• **WORK INSTRUCTION**: All lines in the records below from the line with "La coque en polycarbonate du Cosmo Fusion" through the line with "Vintage Levi's High" are to be given again exactly, both ends included; the pictures are to be left out.

• **EXTRACTED RECORDS**:
== Segment start ==

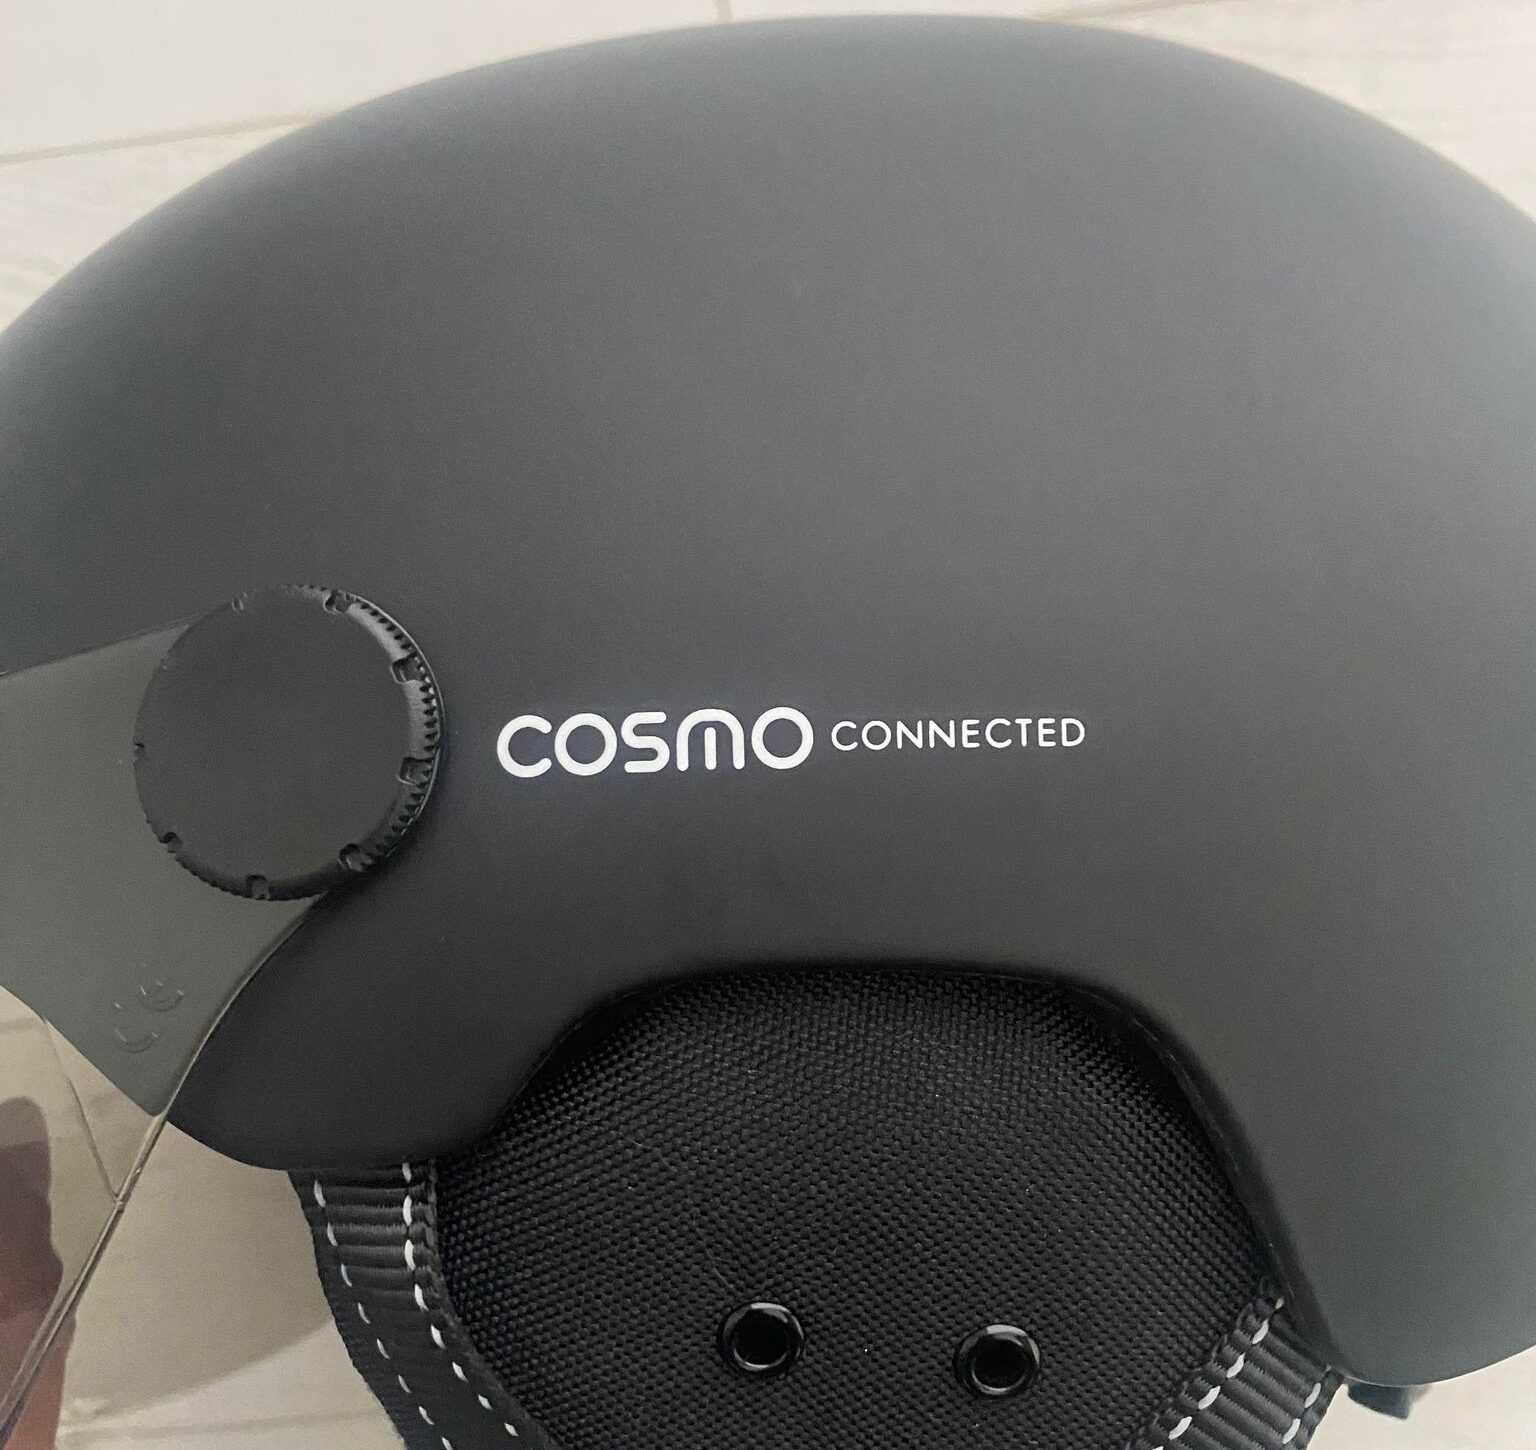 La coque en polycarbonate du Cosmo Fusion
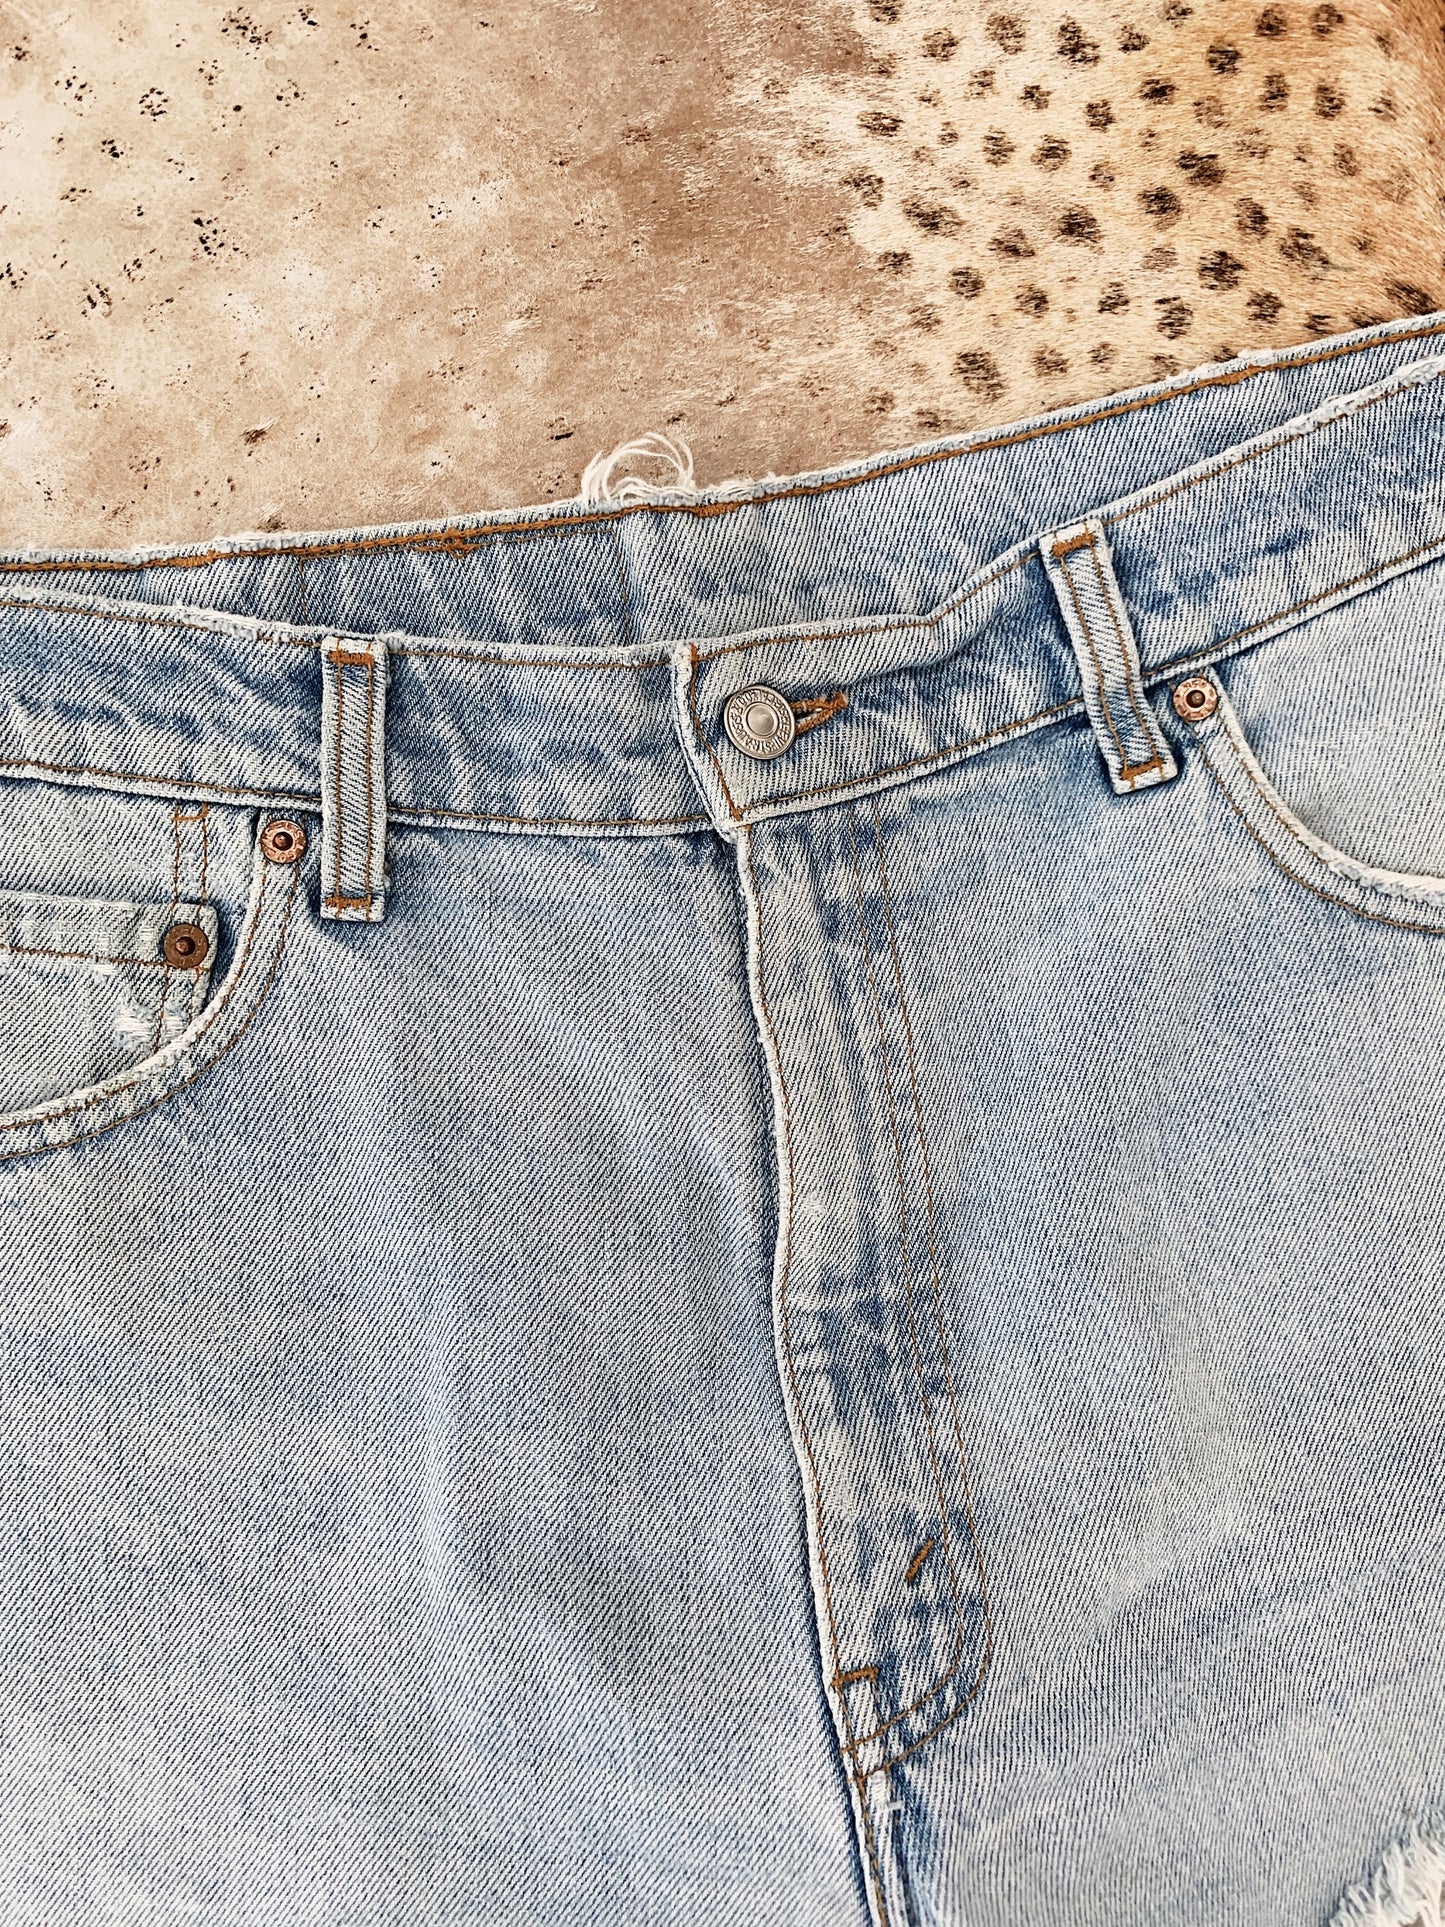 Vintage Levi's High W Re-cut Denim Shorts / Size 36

== Segment end ==
== Segment start ==

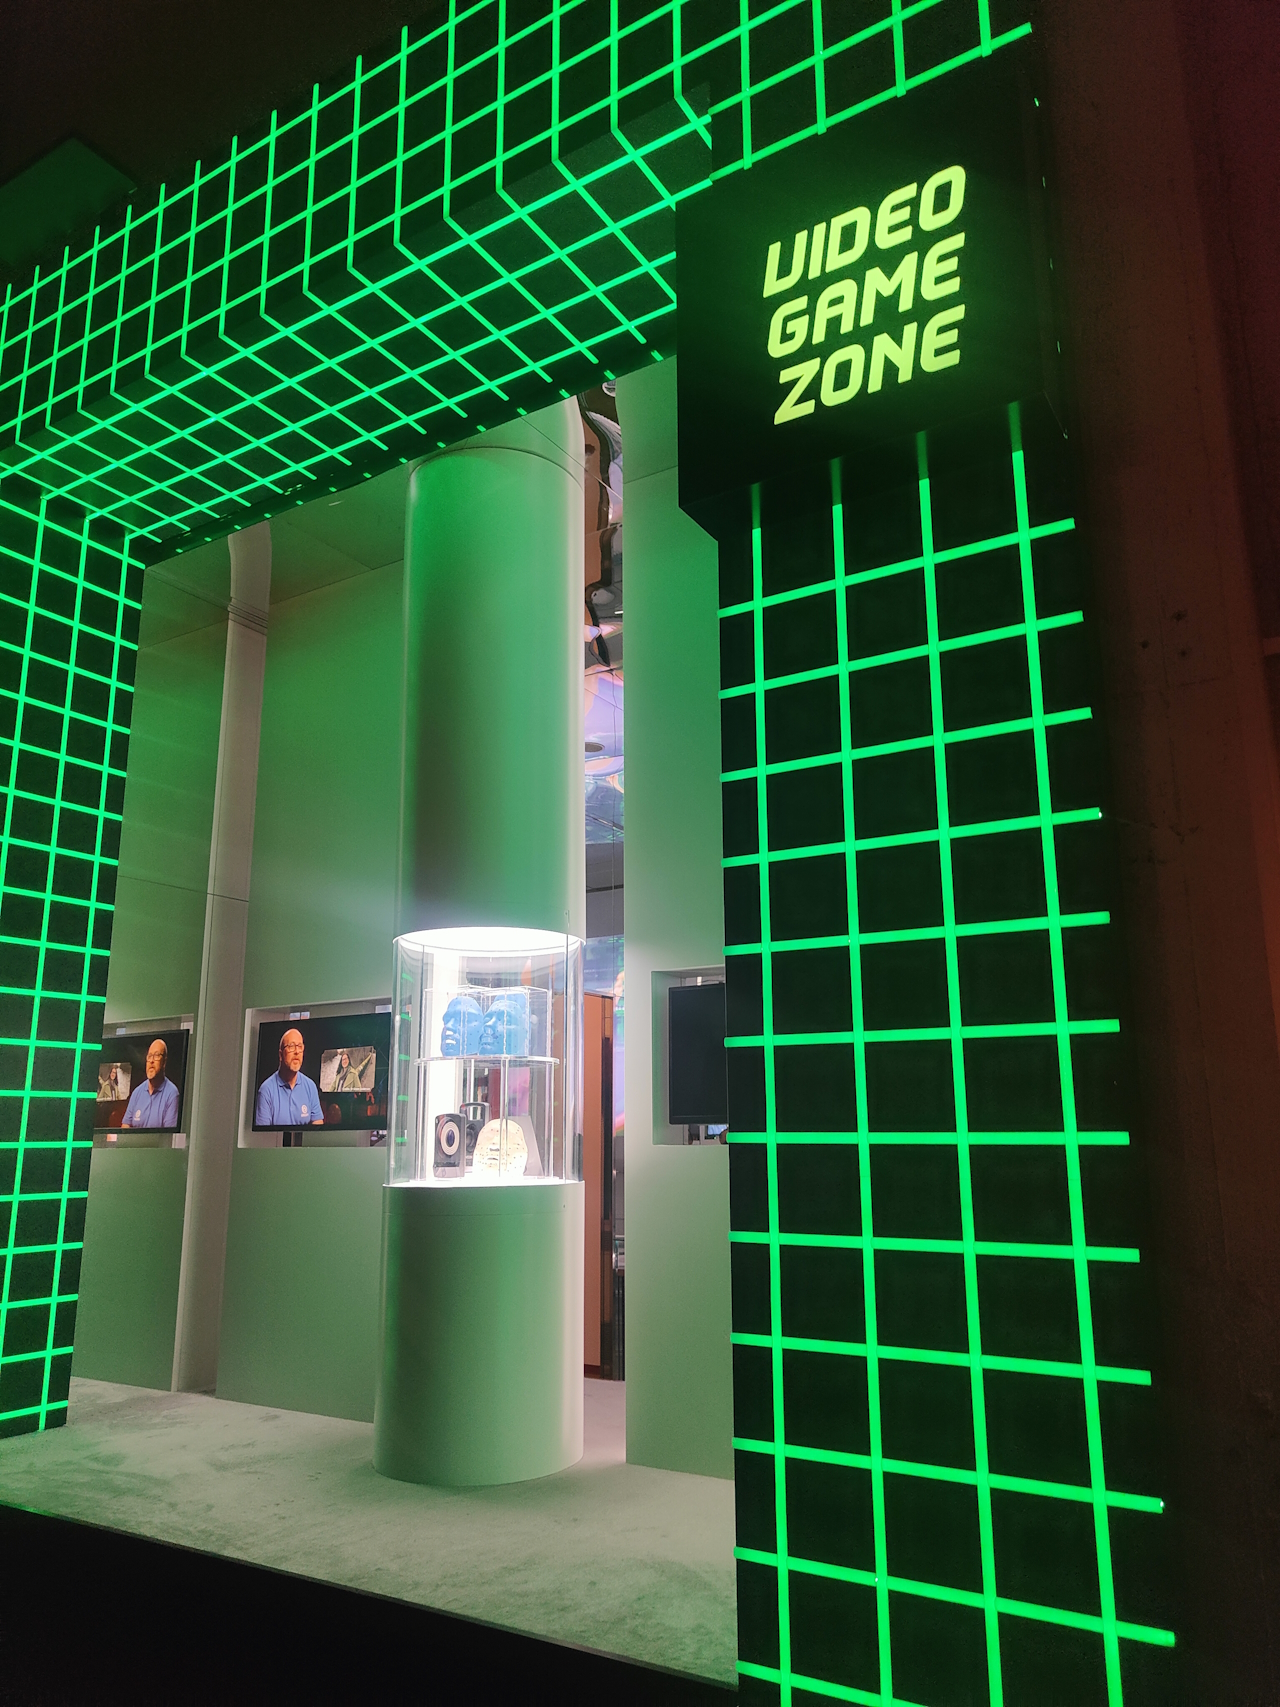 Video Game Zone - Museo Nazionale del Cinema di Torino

== Segment end ==

• **EXERCISE OUTPUT**:
 La coque en polycarbonate du Cosmo Fusion
 Vintage Levi's High W Re-cut Denim Shorts / Size 36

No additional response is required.